[Collected material — start]
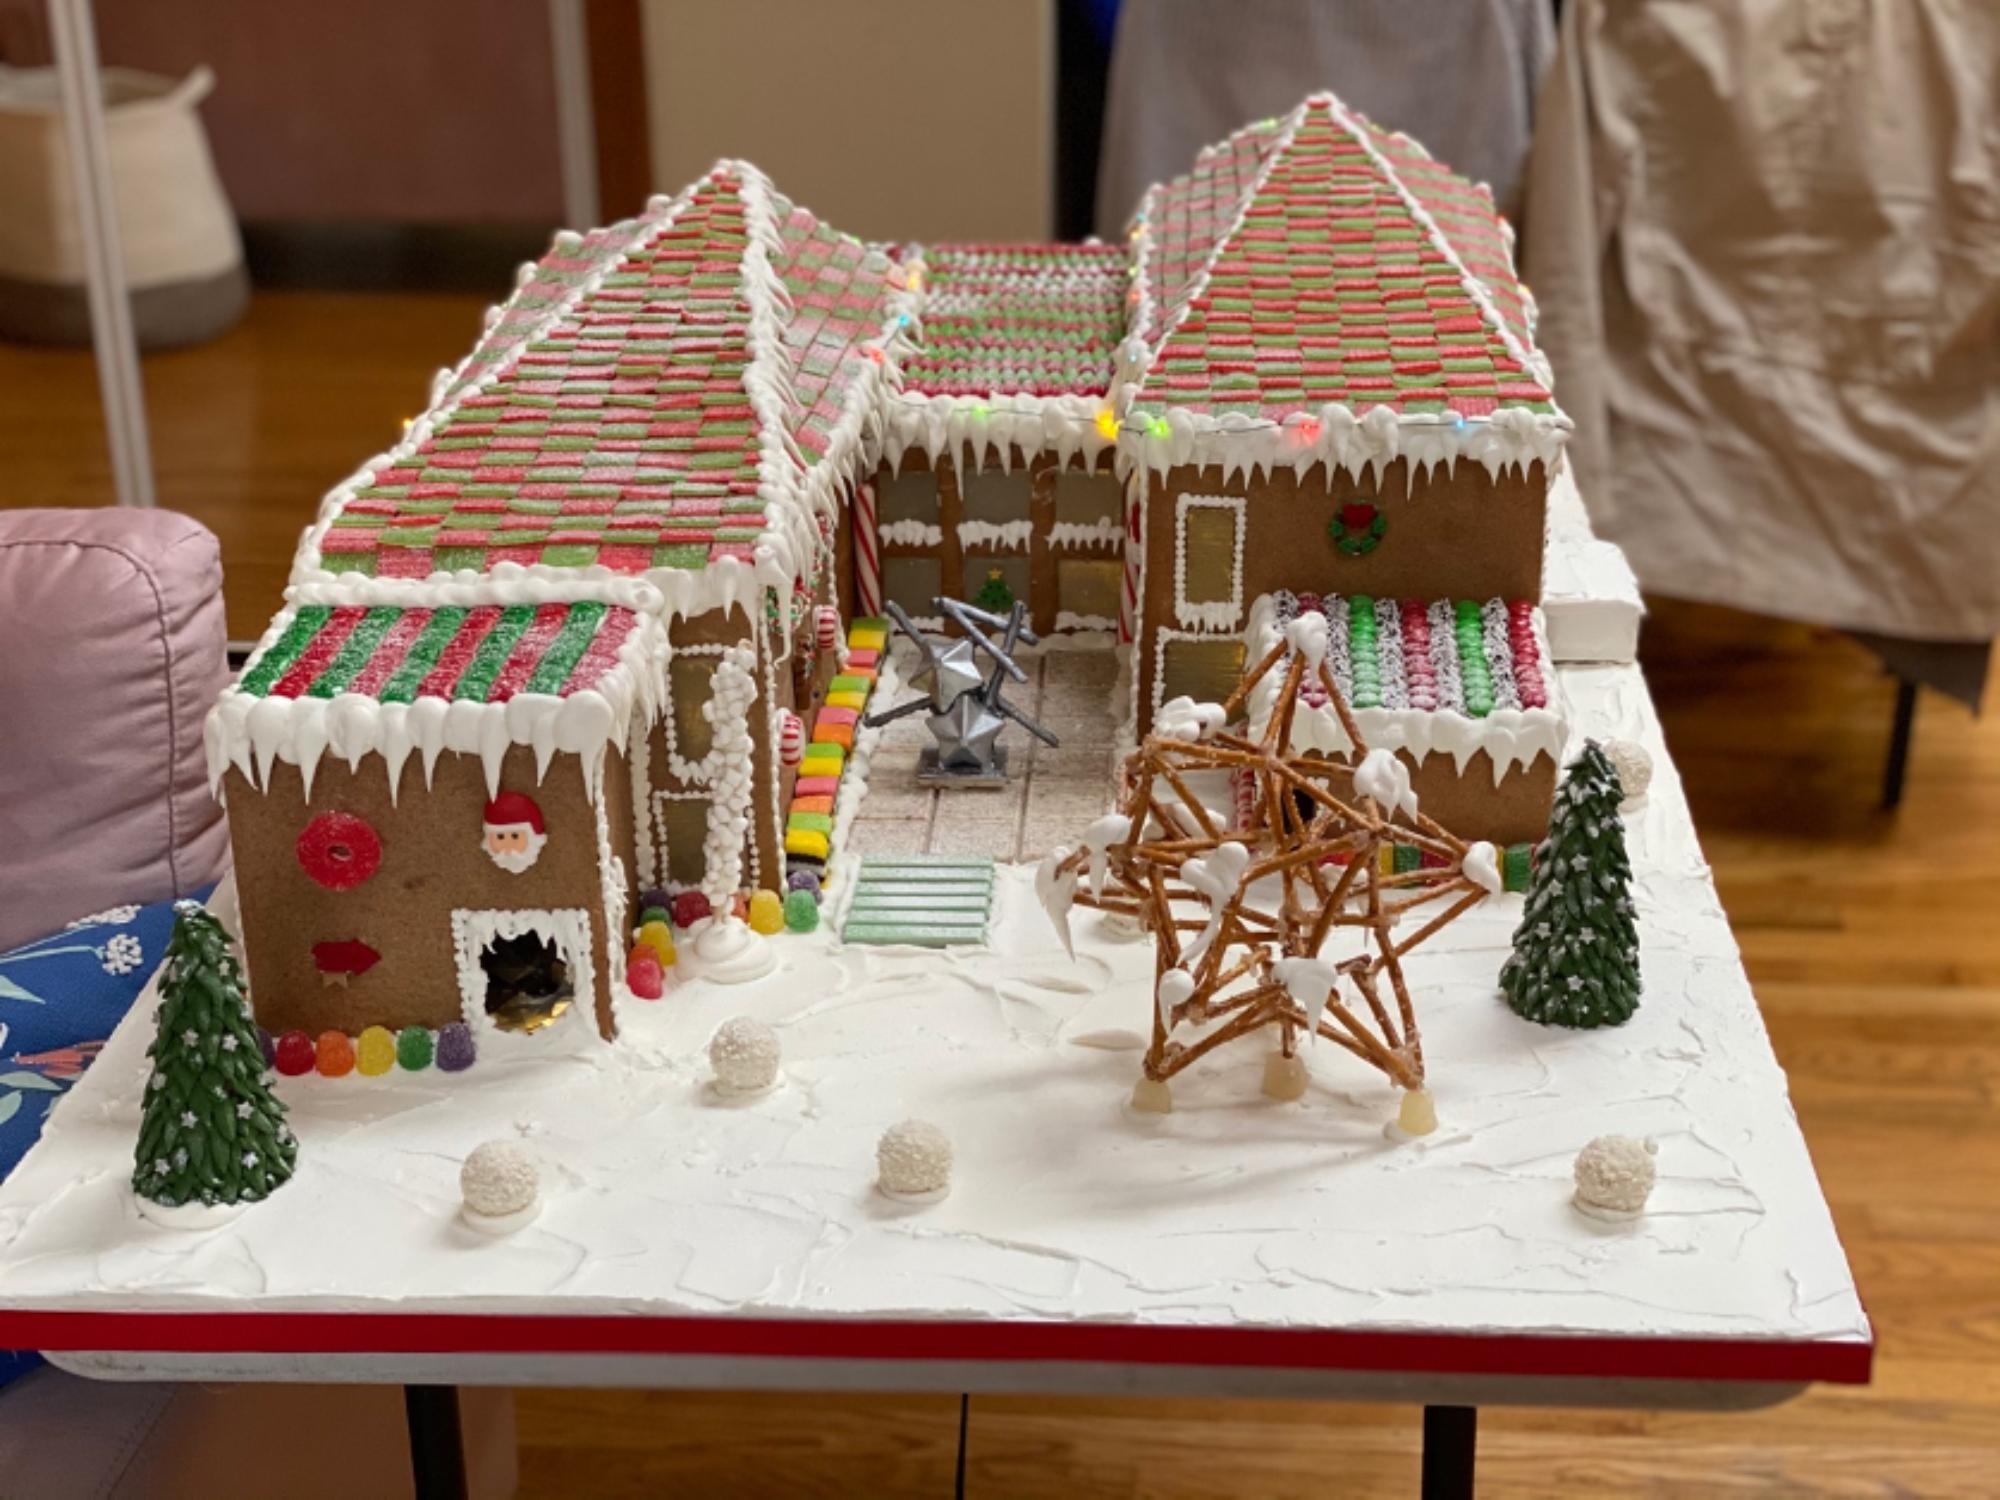 Gingerbread house replica of The Aldrich Contemporary Art Museum
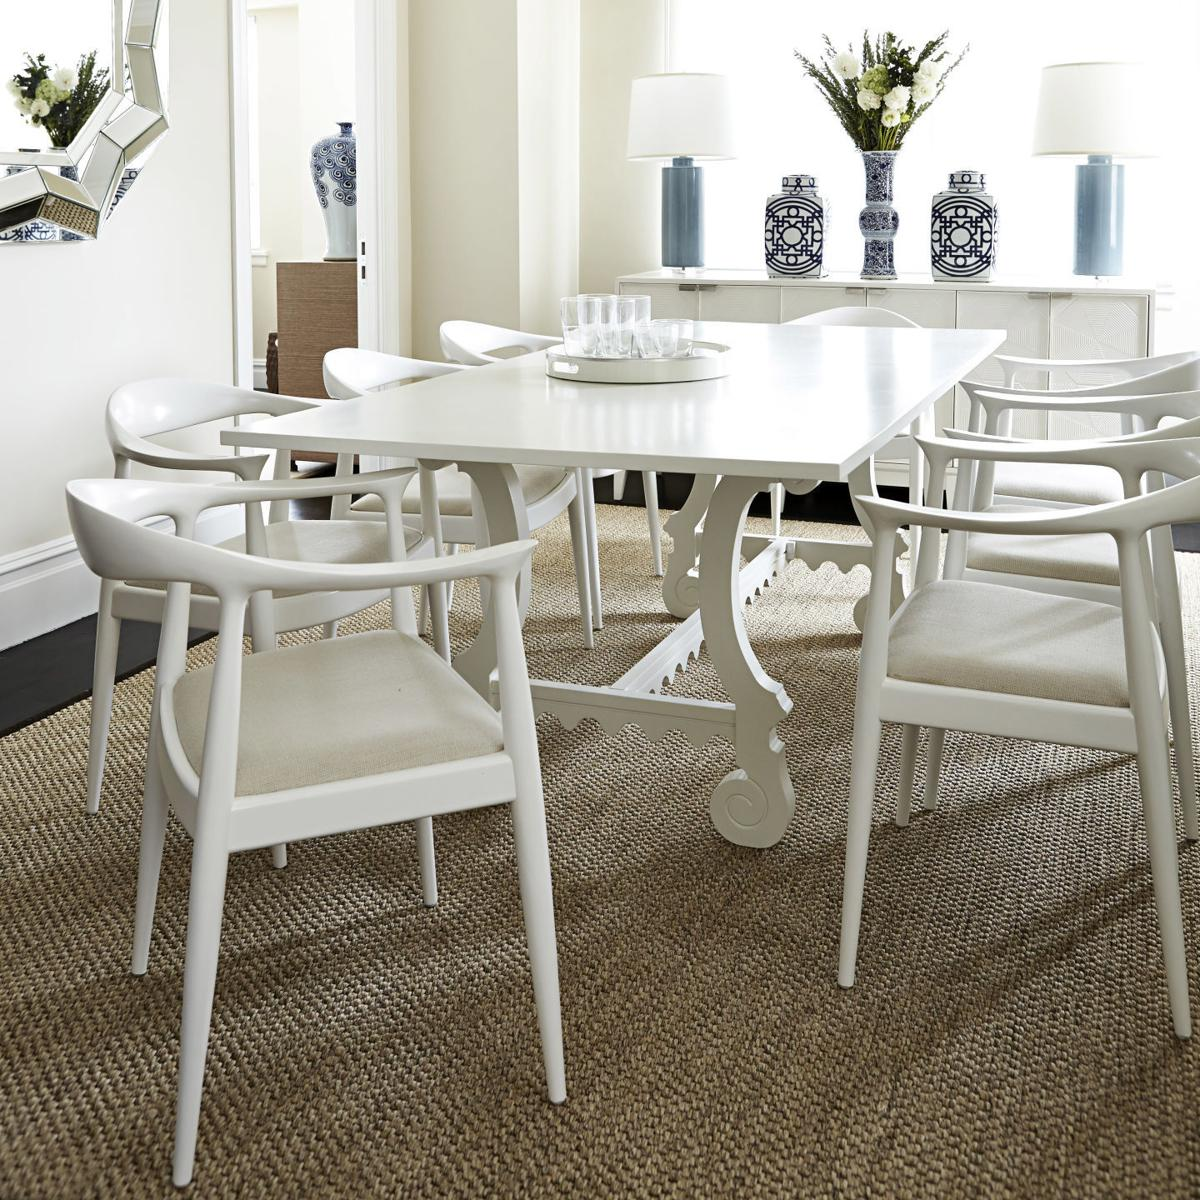 design-dining-58a118ba-e975-11e6-80c2-30e57e57e05d.jpg
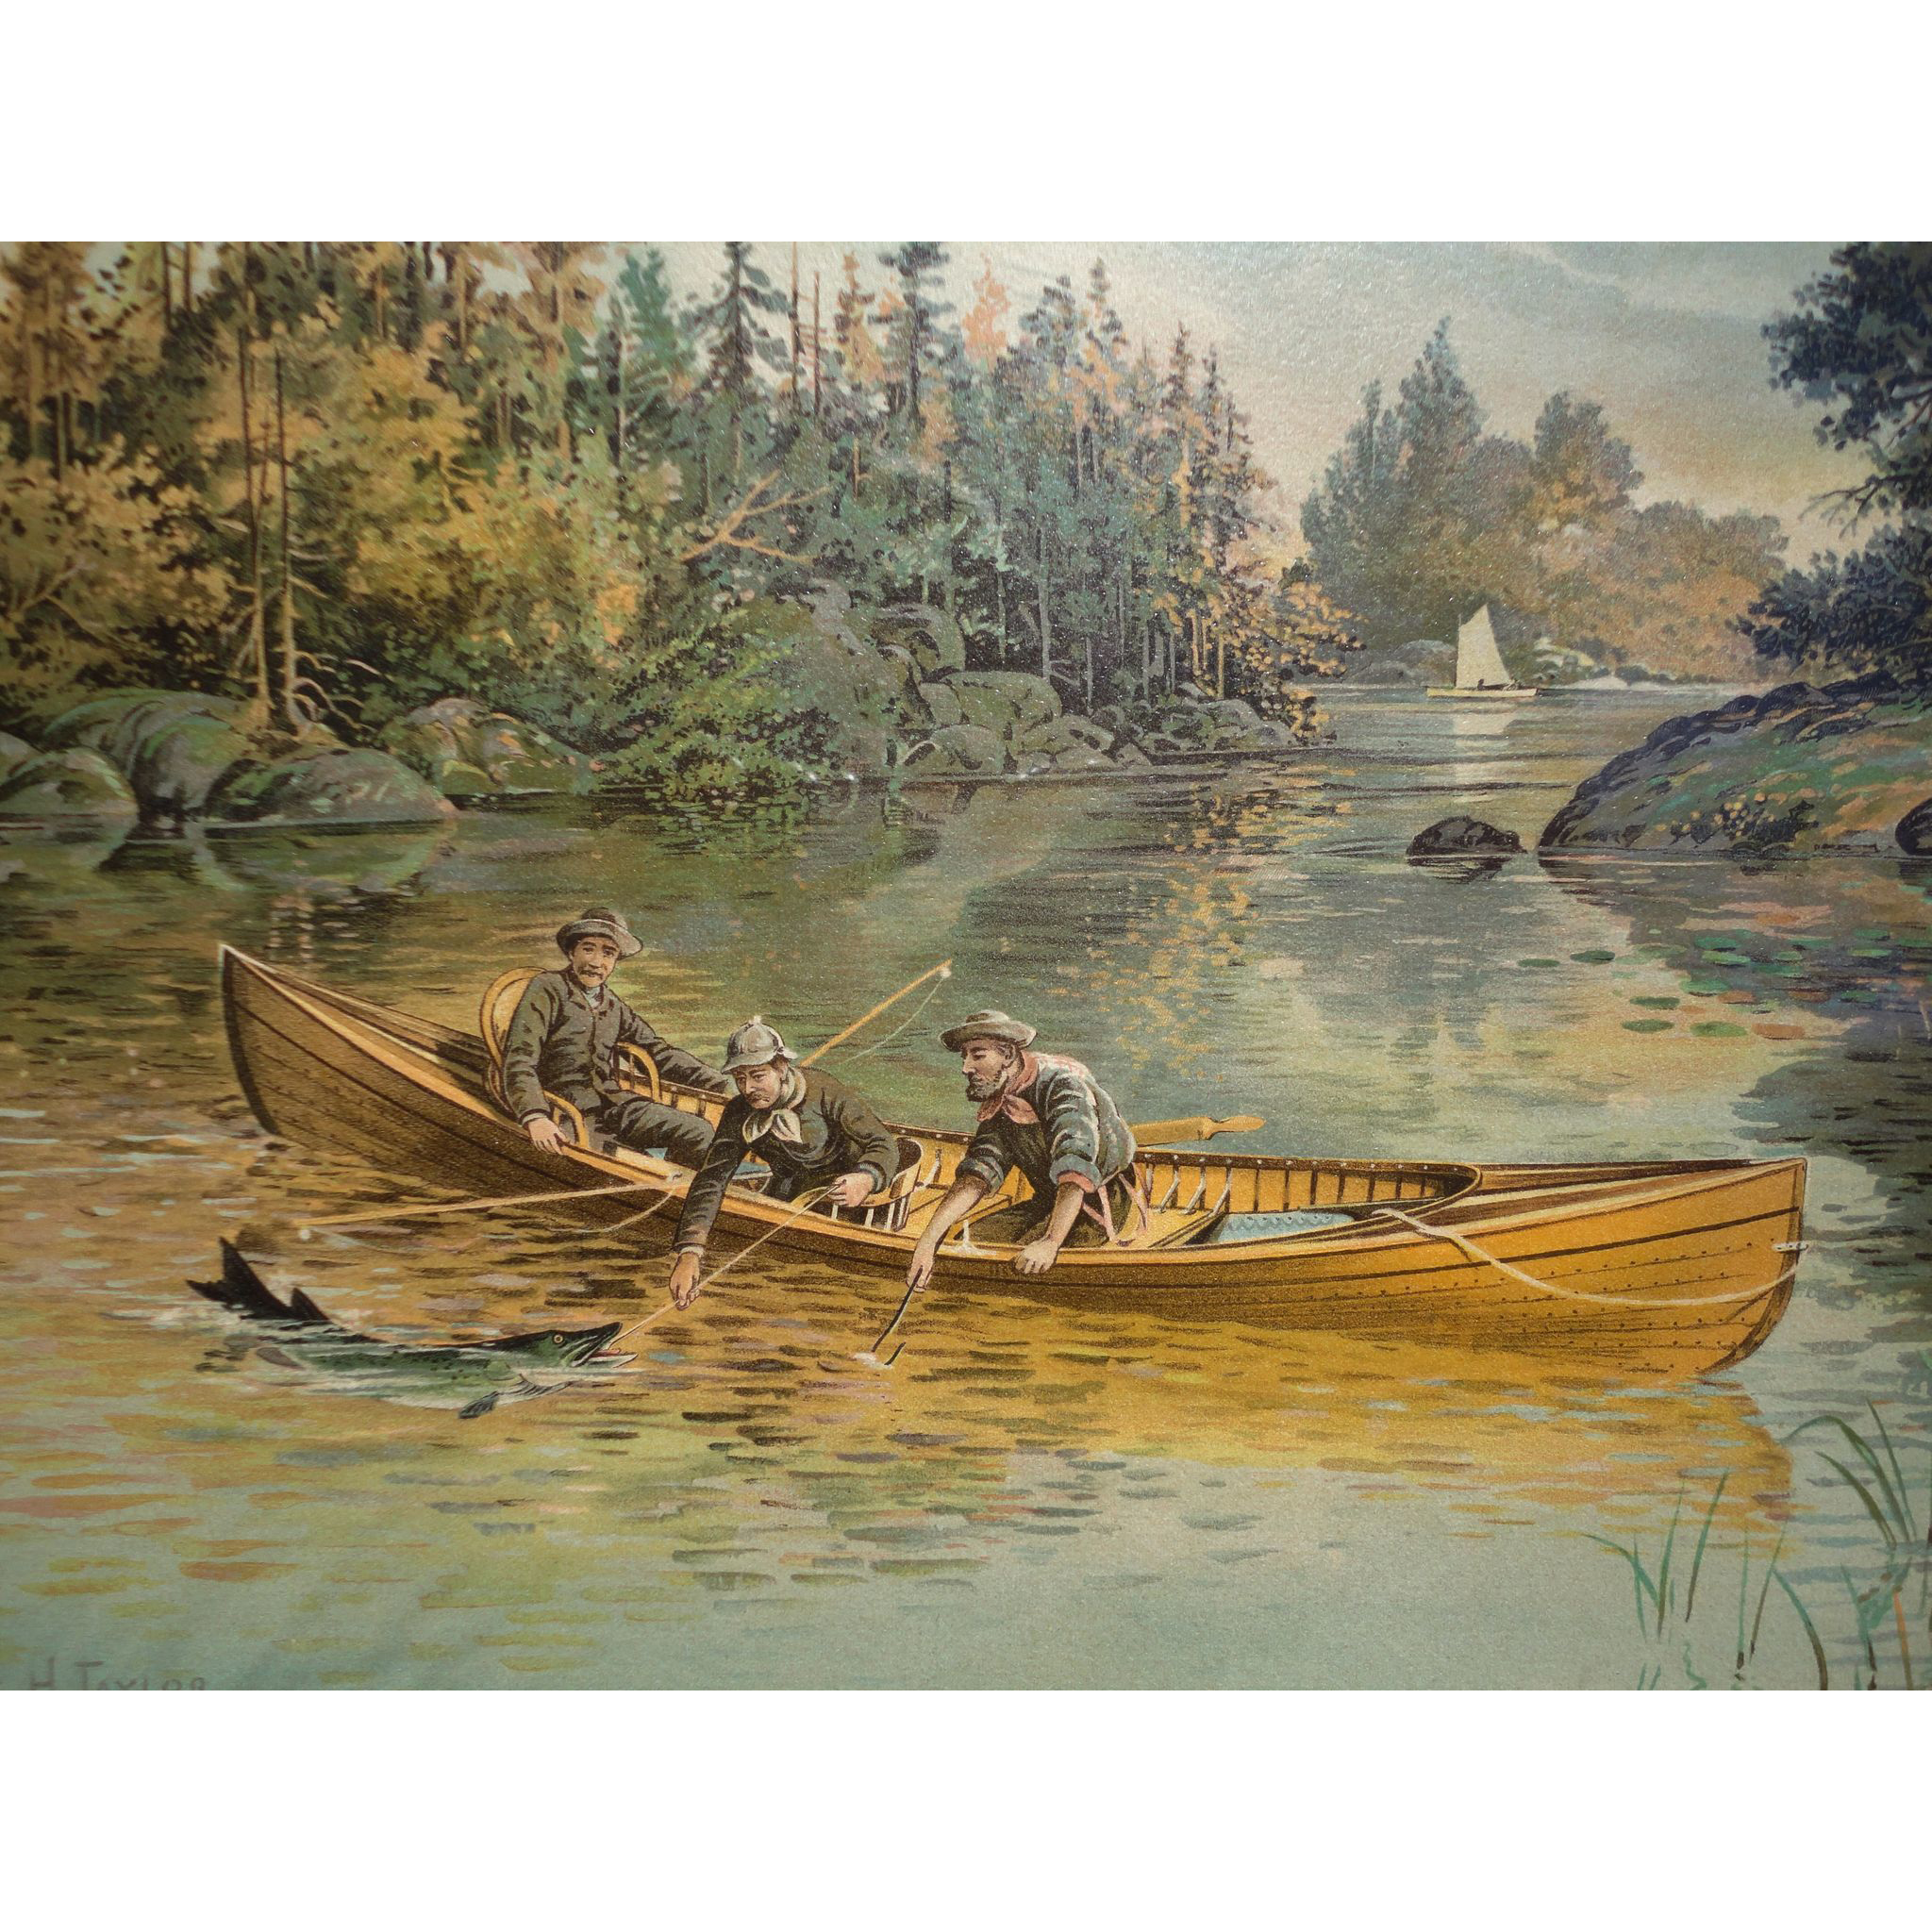 Gone Fishing - Frank H. Taylor (1846-1926) Vintage Print Salmon Fishing
[Collected material — finish]
Take the lines from the one containing "design-dining-58a118ba-e975-11e6-80c2-30e57e57e05d.jpg" through the final line of the listing above and print them exactly, including both ends but no pictures.

◆ **Exercise output**
 design-dining-58a118ba-e975-11e6-80c2-30e57e57e05d.jpg
 Gone Fishing - Frank H. Taylor (1846-1926) Vintage Print Salmon Fishing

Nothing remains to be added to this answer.